Do you do your own shopping?
I'm so time-poor while doing paramount things for all the people that I can't care about such trivias. I have a group of shopping experts to compile my grocery list and texting it to a bunch of professional buyers around the world. For the garnments, I ever employ a gang of stand-in, each sharing with me one body part measure.
Who are your heroes?
William Shakespeare, Bilbo Baggins, and myself.
Can you share with us a memory of your role in "The Illusionist"?
Ohmigosh! To cite a classic, the set "was a place of ruin and despair, ruled by an evil bear who smelled of strawberries!".
Does your secretary use a pseudonym when he makes reservation for, say, a hotel suite? You know, to protect your privacy and to escape stalkers and supporters
Absolutely! We do anything to duck those cannibals. I mostly employ the moniker "Jessica Beel".
Jessica, your zodiac sign is Pisces. May I read you your horoscope?

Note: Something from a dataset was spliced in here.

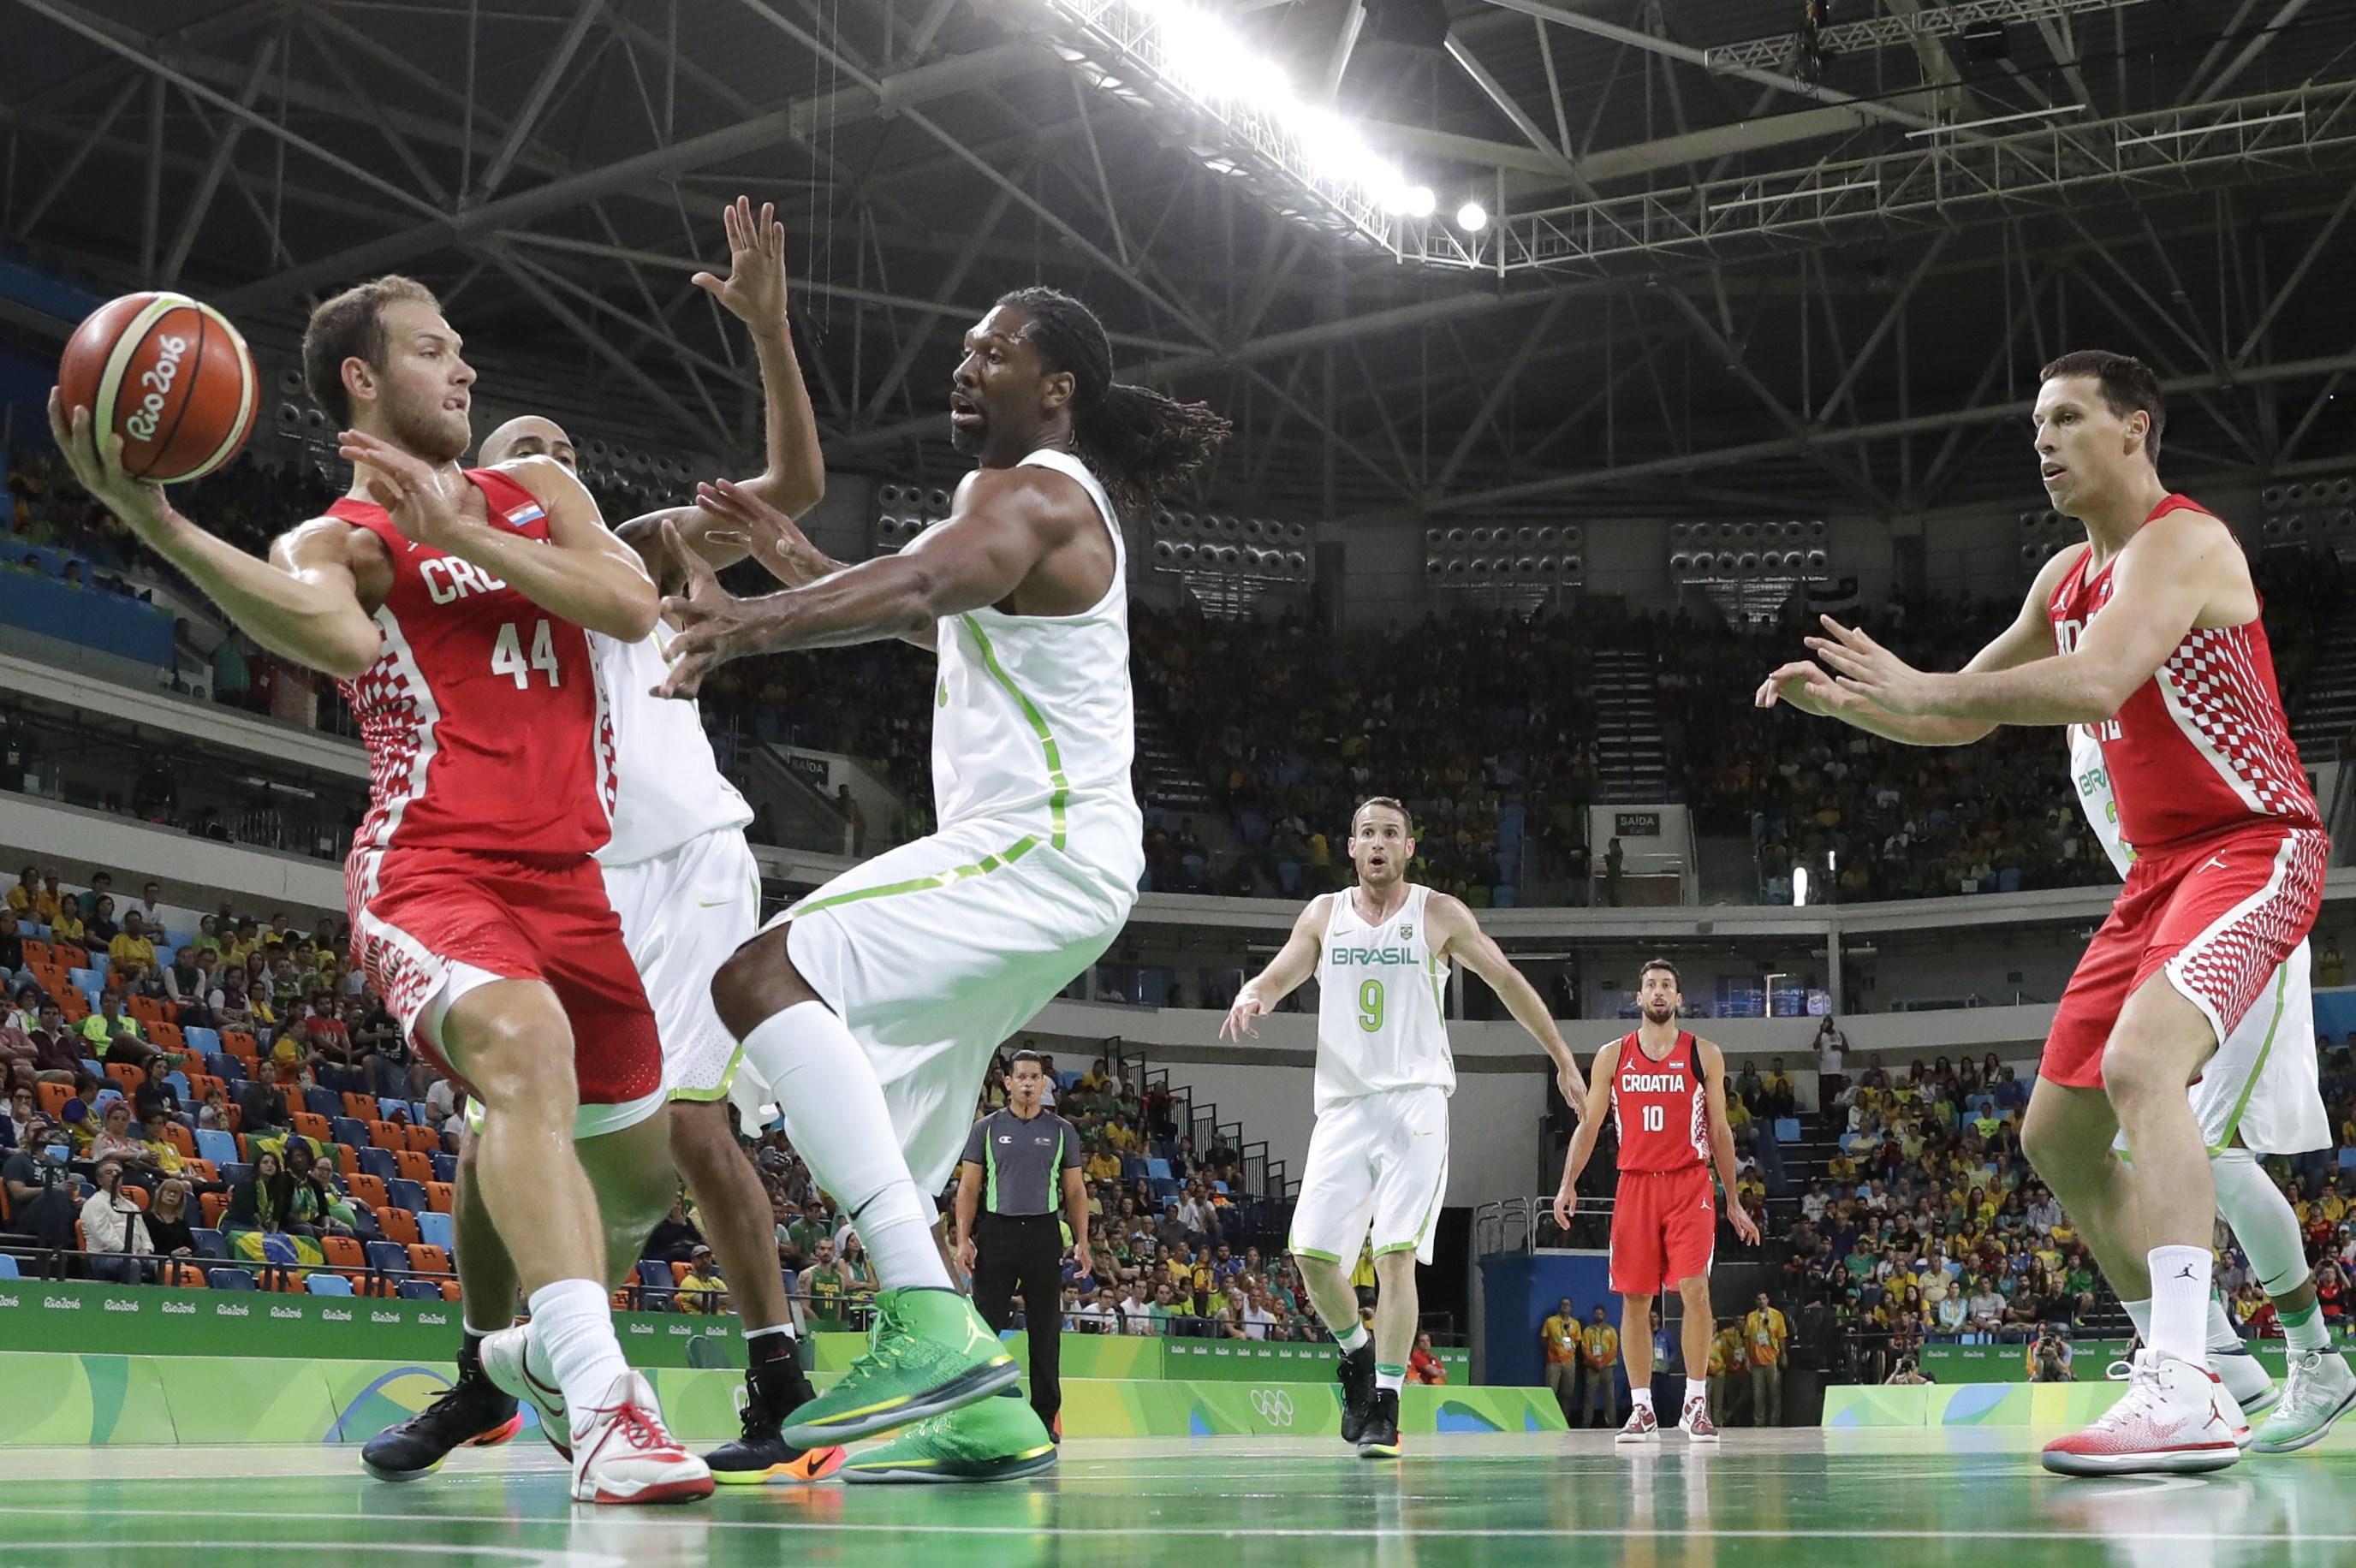 Croatia's Bojan Bogdanovic (44) passes the ball around Brazil's Nene Hilario (13) during a men's basketball game at the 2016 Summer Olympics in Rio de Janeiro, Brazil, Thursday, Aug. 11, 2016. (AP Photo/Eric Gay)

As you want, but I'm a bit partial regarding zodiacal madness.
Today an embarrassing forfeit and a wearying stressful situation are threatening your capability to avoid confrontations, but compared to next Sunday today is good day, so good luck.
Kowabunga! You are spot on!
If I may say so, Jessica, you are well known for your unconventional requests when staying in hotels. Is it true? Could you explain us why and maybe make an example of something you usually ask?
Lately I've found that I can't live without a kitten or baby panda's tears delivered daily to my suite.
Jessica, what do you think about president Donald Trump?
Sorry, I was under the impression this was a playful meeting, not a glimpse into the abyss of gloom.